In a letter sent by members of the social-media giant's internal group for Muslim employees, called Muslim@, staffers from India, the U.S. and Middle East said Facebook needed to make its policy-enforcement process for high-profile users more transparent and less susceptible to political influence.

The letter, which was viewed by The Wall Street Journal, follows a Journal article last week that detailed what current and former Facebook employees said was a pattern of favoritism in India toward the country's ruling Hindu nationalist Bharatiya Janata Party and Hindu hard-liners. Facebook's public-policy head in India, Ankhi Das, opposed internal moves to apply hate-speech rules to a BJP politician and at least three other Hindu nationalist individuals and groups for violating its standards, the Journal reported.

"Many of us also believe our organizational structure combining content policy and government affairs under the same umbrella is fundamentally flawed," said the letter, which was addressed to "FB Leadership." The employees asked for a review of why, although some material from the politician had been removed, he remains on the platform. Facebook earlier deleted some of the politician's postings after the Journal asked about them.

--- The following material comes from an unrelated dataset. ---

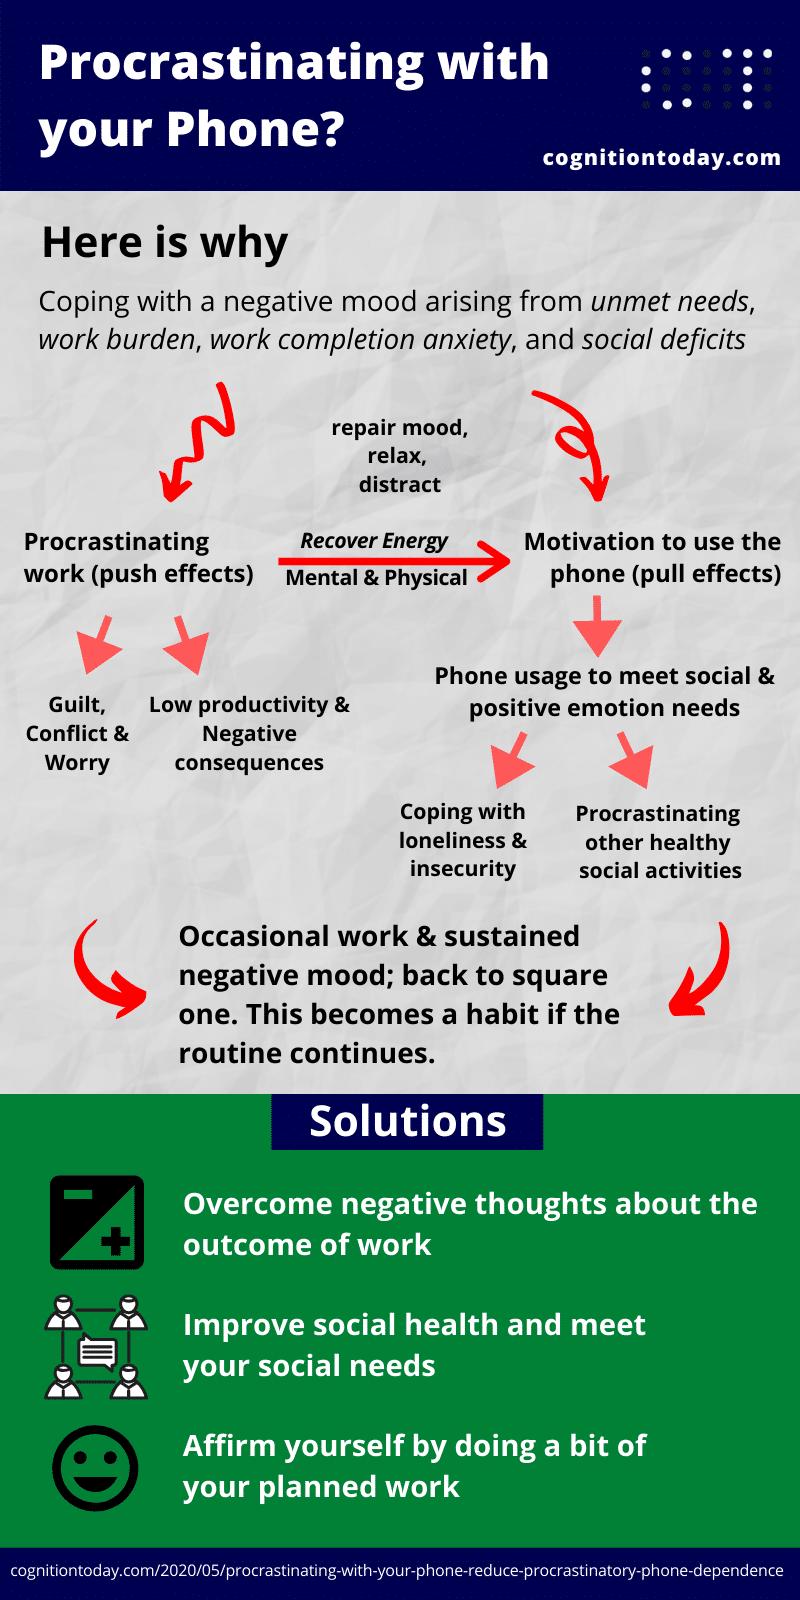 procrastinatory phone use explanation

"There was also no acknowledgment that we might have made mistakes in allowing such content to remain on the platform," the letter said. "This is deeply saddening and can be viewed as indicating a lack of empathy for the Muslim experience at best and a tacit condoning of this behavior at worst."

Separately, earlier this year Facebook removed a video posted by a former BJP lawmaker in which he told police that if they didn't clear protesters demonstrating against a citizenship bill that excludes Muslims, his supporters would do so by force.

Facebook last week acknowledged that Ms. Das raised concerns about political fallout from banning Hindu nationalist figures over hate speech and incitements to violence against Muslims, but said its decisions didn't depend solely on her and that her team made valuable contributions to the process. India is the company's biggest market by users.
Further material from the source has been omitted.